Ok I know posters will get into debates about the temperature and how it's not even that cold yet and so on.

So I guess the actual issue is whether its unreasonable to be told what to do in this way? Basically having the heating turned off when I've turned it on because I'm cold? And the other day I turned the hot water on from my phone while I was out so that I could have a quick bath when I got home. He turned that off too so there wasn't enough water. Is it me or is that quite bossy/controlling?

i turned the hot water on from my phone while I was out so that I could have a quick bath when I got home. He turned that off too so there wasn't enough water. Is it me or is that quite bossy/controlling?

I don’t say this lightly but I would have lost my fucking shit if someone did that to me.

Merryoldgoat · 25/10/2023 21:13

Personally the relationship would’ve failed at the first winter for me.

I have a warm house, it’s what I like and I’m used to and refuse to be cold at home.

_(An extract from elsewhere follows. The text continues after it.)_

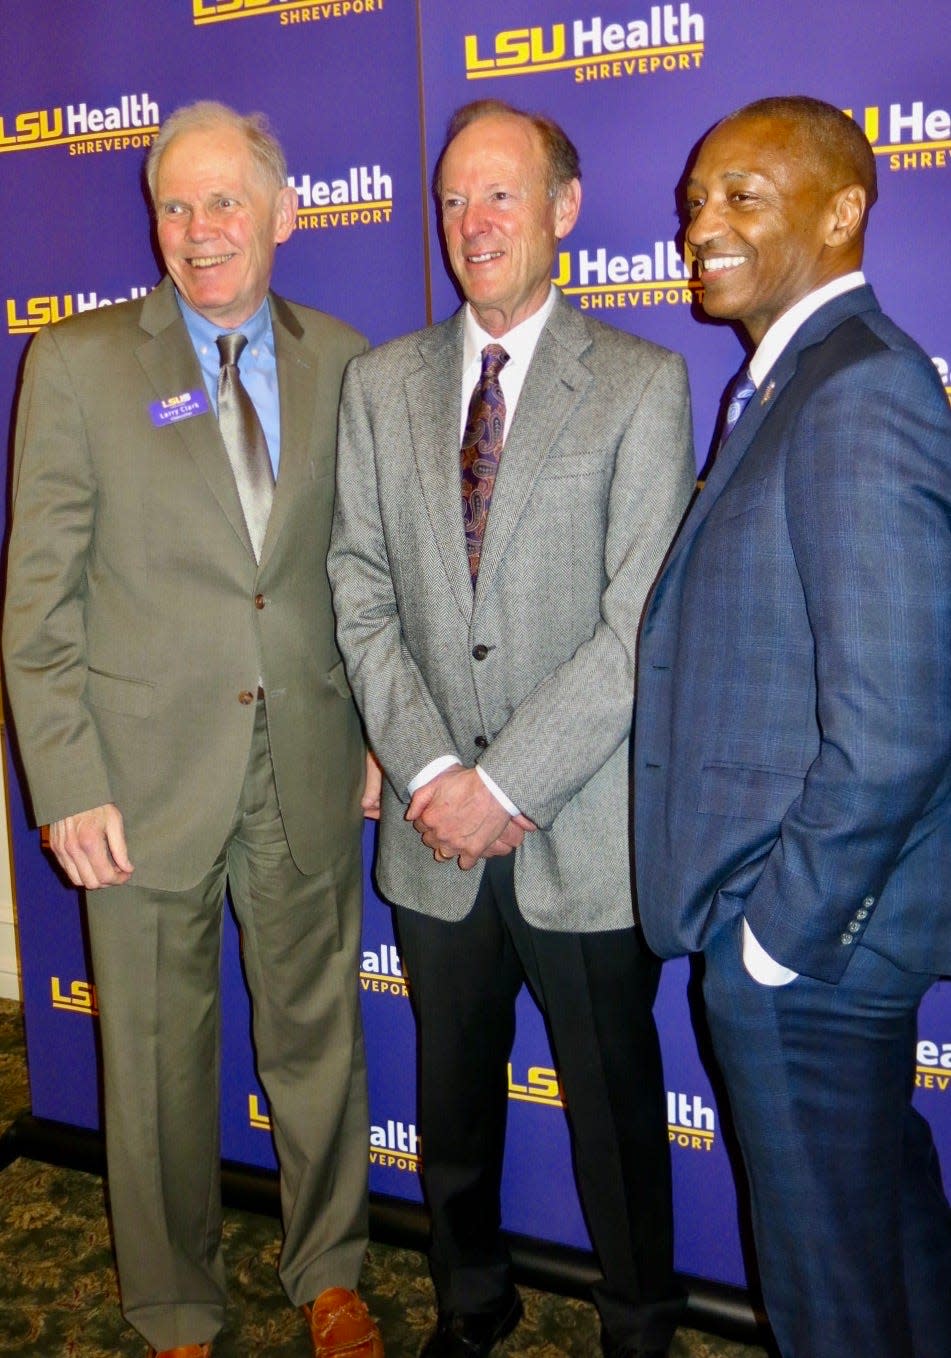 LSUS Chancellor Dr. Larry Clark, new LSU Health
Chancellor Dr. David S. Guzick, and LSU President Dr. William F. Tate IV.

jedwardscissorhands27 · 25/10/2023 21:13

AuContraire · 25/10/2023 21:10

You pay half the bills even though he earns more than you?

I pay half towards the gas and electric precisely for this reason. I can't be arsed with the whole "I pay the bill so my word is final" argument. He pays the rest of the bills.

I just can't stand feeling monitored and restricted in my own home.

OP posts:
mrsfollowill · 25/10/2023 21:14

Who is at home during the day? are you at home on mat leave and he is at work? Is he is remotely controlling the heating whilst he is out at work and you are at home ? (I know someone who thought this was a reasonable thing to do!)
You need to compromise and meet in the middle if you are both in the house but if you are on your own at home with the baby you should 100% be in control for that time. Just a thought.